Дорогой, Вы, конечно, уже заметили главную, бросающуюся теперь (почему это теперь всегда бывает потом?) и мне самой в глаза вещь: совершенно разные люди, они объединены одним: они — ушли; и совсем не важно теперь, как — трудно или легко — они уходили. В жизни ч т о всегда важнее того, к а к . Они прешли. Перестали. А ведь любовь “никогда не перестает”. Ни-ког-да. Слово, так мало могущее, может тем не менее сказать: “Никогда!”. “Never!”. “Nie!Niemals!”. “Jamais!”. А что еще, даже музыка, что еще может хоть как-то назвать по имени дыбоволосый ужас перед бездной, куда..?
Да, любовь — что это? проверим себя. Что такое — стол? Что это — любовь? Стол — это стол, все остальные определения подходят и для табурета. Любовь — это то, что никогда не перестанет. Сколько ей ни говори: перестань.
А они — перестали. Значит, это была не любовь? А ведь как я их любила. Я их любила? Помню, что это чувствовала. Но не чувствую того, что помню.
Понимаю вопрос. Почему? почему они ушли — из меня?

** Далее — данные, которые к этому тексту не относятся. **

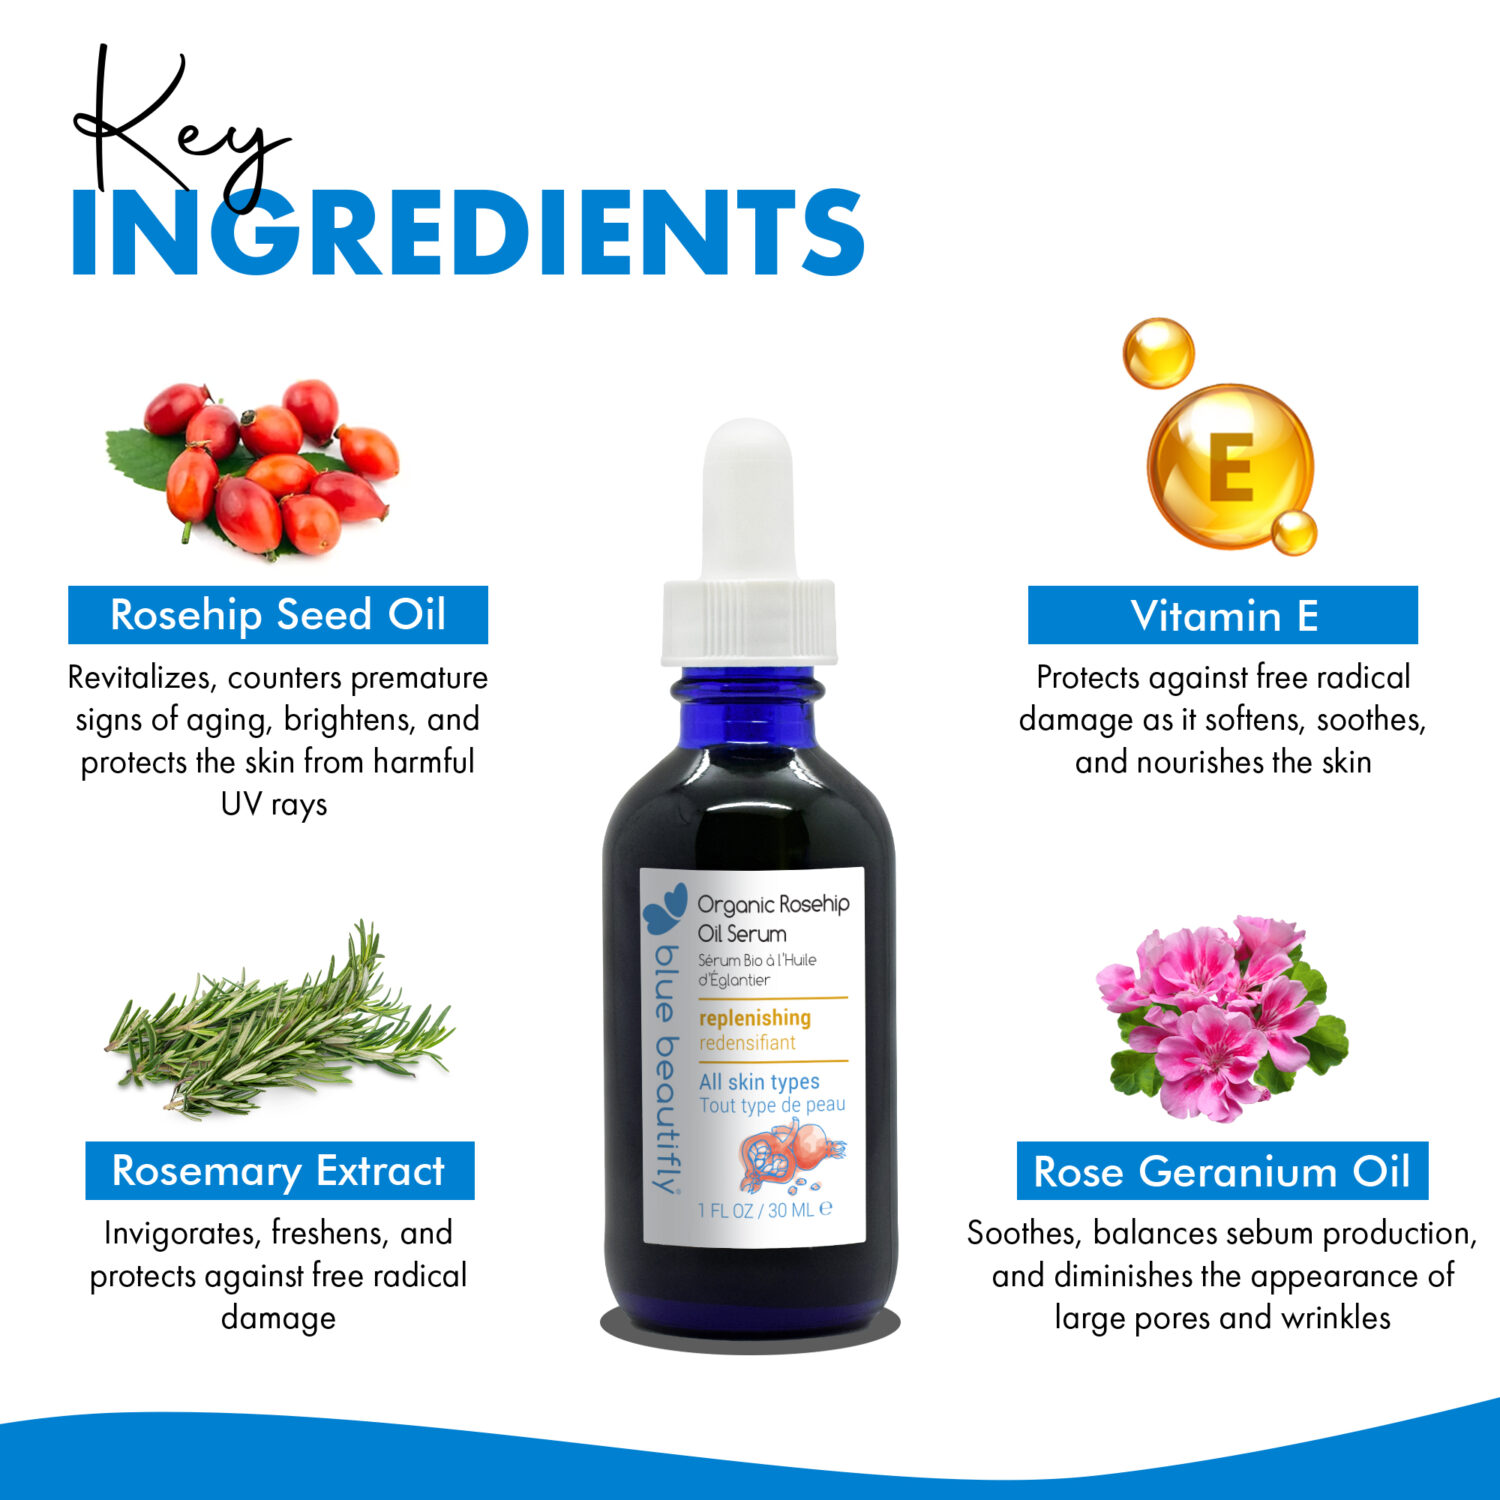 Blue Beautifly Organic Rosehip Oil Serum key ingredients are rosehip fruit seed oil, rose geranium oil, rosemary oil, and vitamin E

Думаю... ах, ничего я на самом деле не думаю, а только все время кажется мне, что это они меня довели. Выдавили из меня всю любовь к ним. Ну да, так и они обо мне сказать могут, слово в слово. А все равно — не могут они так сказать, если честны. Вот что я скажу.
Все отличие женской любви от мужской видно там, где она — умирает. Мужчина перестает любить — сам. Значит, и не любил. Женщина — не сама собой, а только когда он ее к тому вынудит. Дожмет.
Отношение каждой из них ко мне меня не устраивало. Первую (не поставленную мною в известность, что у нее есть соперница) устраивало во мне все — при условии, чтобы я давал ей любить всего себя, как всегда. Она же думала — все как всегда. Второй, поневоле осведомленной о том, что она у меня не одна, нужен был такой я, который бы любил только ее — и доказал это тем, что ушел бы от первой к ней. И ведь это я, я сам подал ей мысль, перешедшую затем в свирепое желание полной моей принадлежности ей. Своим затяжно-страстным увлечением ею я подал ей, а затем усилил мысль о том, что все это может быть и серьезно — да уже серьезно, смотри, серьезней уже и некуда. А раз так... Вторая все более предъявляла на меня права, казалось бы, принадлежавшие первой. Первая же “лишь тенью была, никуда не звала”... Итак, когда вторая окончательно поставила вопрос ребром: или — или, — я, осознав сложность ситуации (того, что уйти ко второй не собираюсь — в ней нет ни малейшей, столь важной и привычной для меня верности и преданности первой, а в отсутствие второй столь замечательные качества первой, влюбленность и преданность, теперь, без контрастирующего вызова, готовности немедленно расстаться со мной и забыть как миленького, будут всегда казаться пресными, недостаточными), решился осуществить свой выбор до конца: уйти от обеих. Со второй это не составило проблемы: самолюбие в ней затмевало все. Одна короткая сцена. Что до первой... долгая сцена. Подробности не делают мне чести.